Могилка Володькина никудышная, в том смысле, что на старом городском кладбище уже не хоронили, а повезли за город в Подвалиху, добираться два часа на трех автобусах, если сразу подойдут. И место плохое, рядом болото, ни деревца, ни тени, ни зацепочки. Поле и поле. А Катька, у которой там мать, в газете прочитала, что кладбище это незаконное, земля ничья, и город его будет сносить, и захоронения новые запретят. А старые? Как же незаконно, когда вон докуда хватает глаз — кресты и кресты! И у Володьки крест простой, как у всех. Он помер на инвалидности, хоронить помогал Зои Степанны завод. А он им кто? Никто. Ограда редкая, голубенький жестяной крестик. Ровняй бульдозером, как хочешь.

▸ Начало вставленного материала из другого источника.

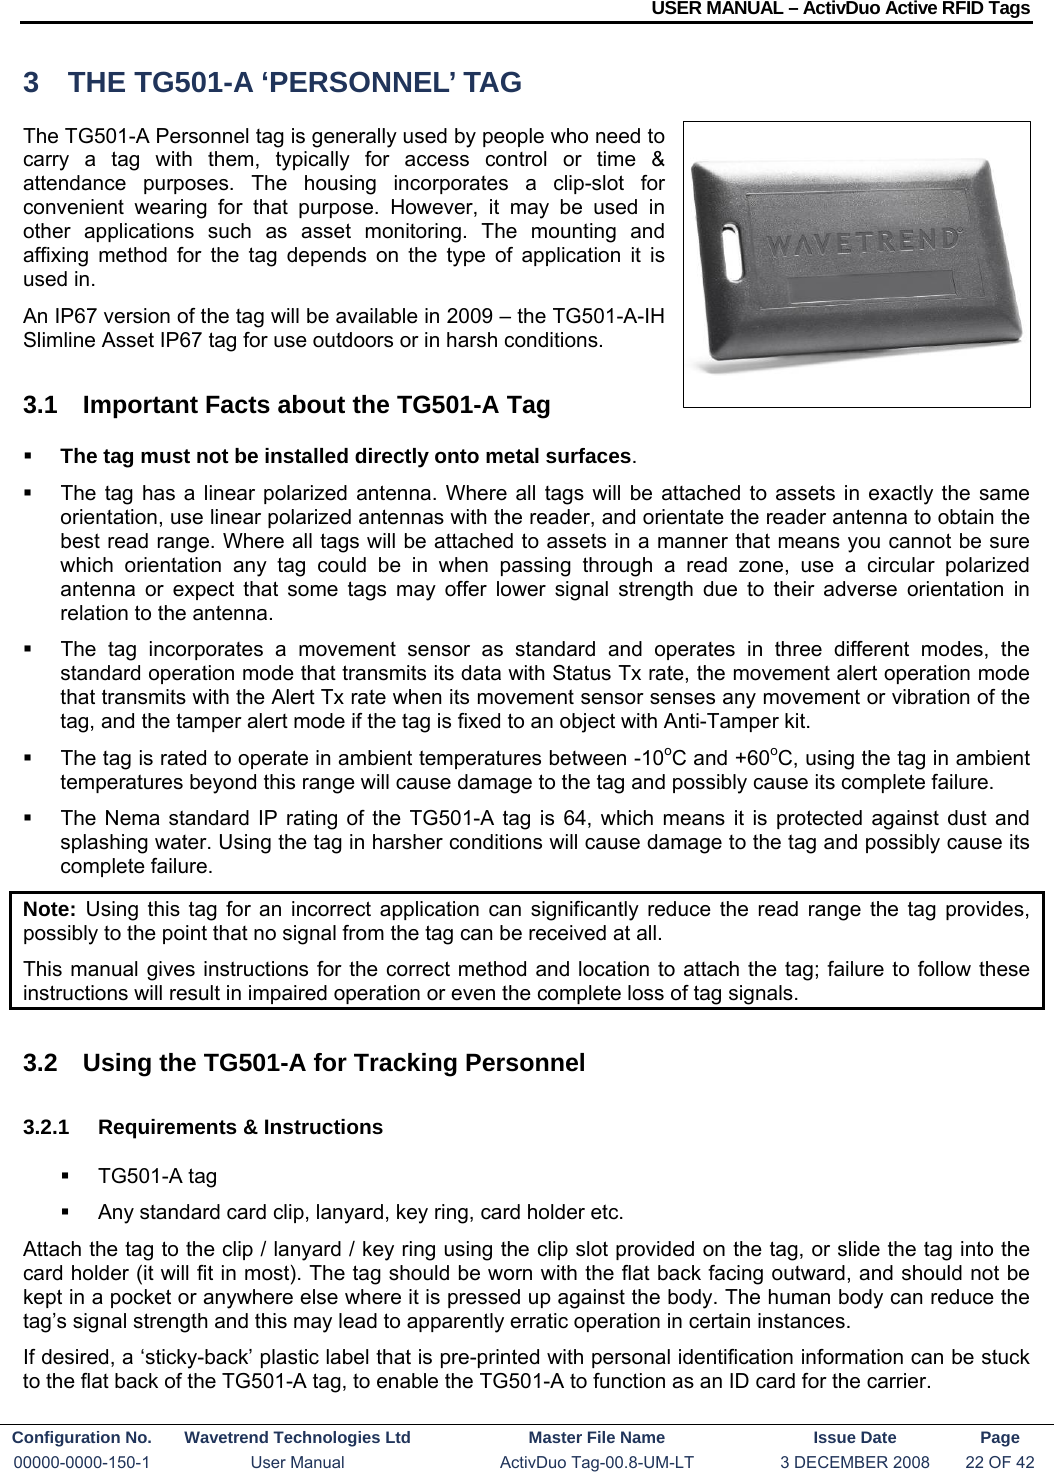 USER MANUAL – ActivDuo Active RFID Tags Configuration No.  Wavetrend Technologies Ltd  Master File Name   Issue Date  Page 00000-0000-150-1  User Manual  ActivDuo Tag-00.8-UM-LT  3 DECEMBER 2008  22 OF 42  3  THE TG501-A ‘PERSONNEL’ TAG The TG501-A Personnel tag is generally used by people who need to carry a tag with them, typically for access control or time &amp; attendance purposes. The housing incorporates a clip-slot for convenient wearing for that purpose. However, it may be used in other applications such as asset monitoring. The mounting and affixing method for the tag depends on the type of application it is used in. An IP67 version of the tag will be available in 2009 – the TG501-A-IH Slimline Asset IP67 tag for use outdoors or in harsh conditions. 3.1  Important Facts about the TG501-A Tag  The tag must not be installed directly onto metal surfaces.    The tag has a linear polarized antenna. Where all tags will be attached to assets in exactly the same orientation, use linear polarized antennas with the reader, and orientate the reader antenna to obtain the best read range. Where all tags will be attached to assets in a manner that means you cannot be sure which orientation any tag could be in when passing through a read zone, use a circular polarized antenna or expect that some tags may offer lower signal strength due to their adverse orientation in relation to the antenna.   The tag incorporates a movement sensor as standard and operates in three different modes, the standard operation mode that transmits its data with Status Tx rate, the movement alert operation mode that transmits with the Alert Tx rate when its movement sensor senses any movement or vibration of the tag, and the tamper alert mode if the tag is fixed to an object with Anti-Tamper kit.   The tag is rated to operate in ambient temperatures between -10oC and +60oC, using the tag in ambient temperatures beyond this range will cause damage to the tag and possibly cause its complete failure.   The Nema standard IP rating of the TG501-A tag is 64, which means it is protected against dust and splashing water. Using the tag in harsher conditions will cause damage to the tag and possibly cause its complete failure. Note:  Using this tag for an incorrect application can significantly reduce the read range the tag provides, possibly to the point that no signal from the tag can be received at all. This manual gives instructions for the correct method and location to attach the tag; failure to follow these instructions will result in impaired operation or even the complete loss of tag signals.  3.2  Using the TG501-A for Tracking Personnel 3.2.1  Requirements &amp; Instructions  TG501-A tag   Any standard card clip, lanyard, key ring, card holder etc. Attach the tag to the clip / lanyard / key ring using the clip slot provided on the tag, or slide the tag into the card holder (it will fit in most). The tag should be worn with the flat back facing outward, and should not be kept in a pocket or anywhere else where it is pressed up against the body. The human body can reduce the tag’s signal strength and this may lead to apparently erratic operation in certain instances. If desired, a ‘sticky-back’ plastic label that is pre-printed with personal identification information can be stuck to the flat back of the TG501-A tag, to enable the TG501-A to function as an ID card for the carrier.

С них станется. Другое дело — камень большой. Может, тут кто известный лежит, солидный, и буквами золотыми «Грушин Владимир Андреич», мол, хороший человек. Деньги есть. И внутри плиткой выложить, а по центру оставить клумбу, а сзади посадить хороший саженец, чтоб тень давал, и шиповник к дороге, а то тот год все откопали кто-то, паразиты. Вместе с березкой.

И все ведь как хотела, сделала. Барыня барыней, заказала. Камень большой, черный, сзади как будто спина человеческая горбится, шершавый, а спереди — гладкий, как зеркальный. Буковки глубоко пробиты, фотографию высоко сделали, и для нее как раз места хватит, подправили. Красавец, хоть домой неси. Внутри все плиткой под мрамор, тоже черной, скамеечка, ограду со стороны дороги сделали высокую. По весне высадила саженцы, как хотела, шиповник махровый и жасмин. Дорого, конечно, встало, может, и переплатила где по незнанию, но общий результат самой Зое Степанне очень понравился. Такая гордость распирала, что все сама и не говорила никому, справилась. Свозила Катьку с Сережкой, у тех, конечно, челюсти отвалились! Но Катька почему-то обиделась. У них на живых-то внуков-детей не хватает, а она своего алкоголика покойного, как генсека, устроила. (Это уже потом другая соседка разговор передала.) Ну и что! «Попадет тебе от Нинки!» И попало.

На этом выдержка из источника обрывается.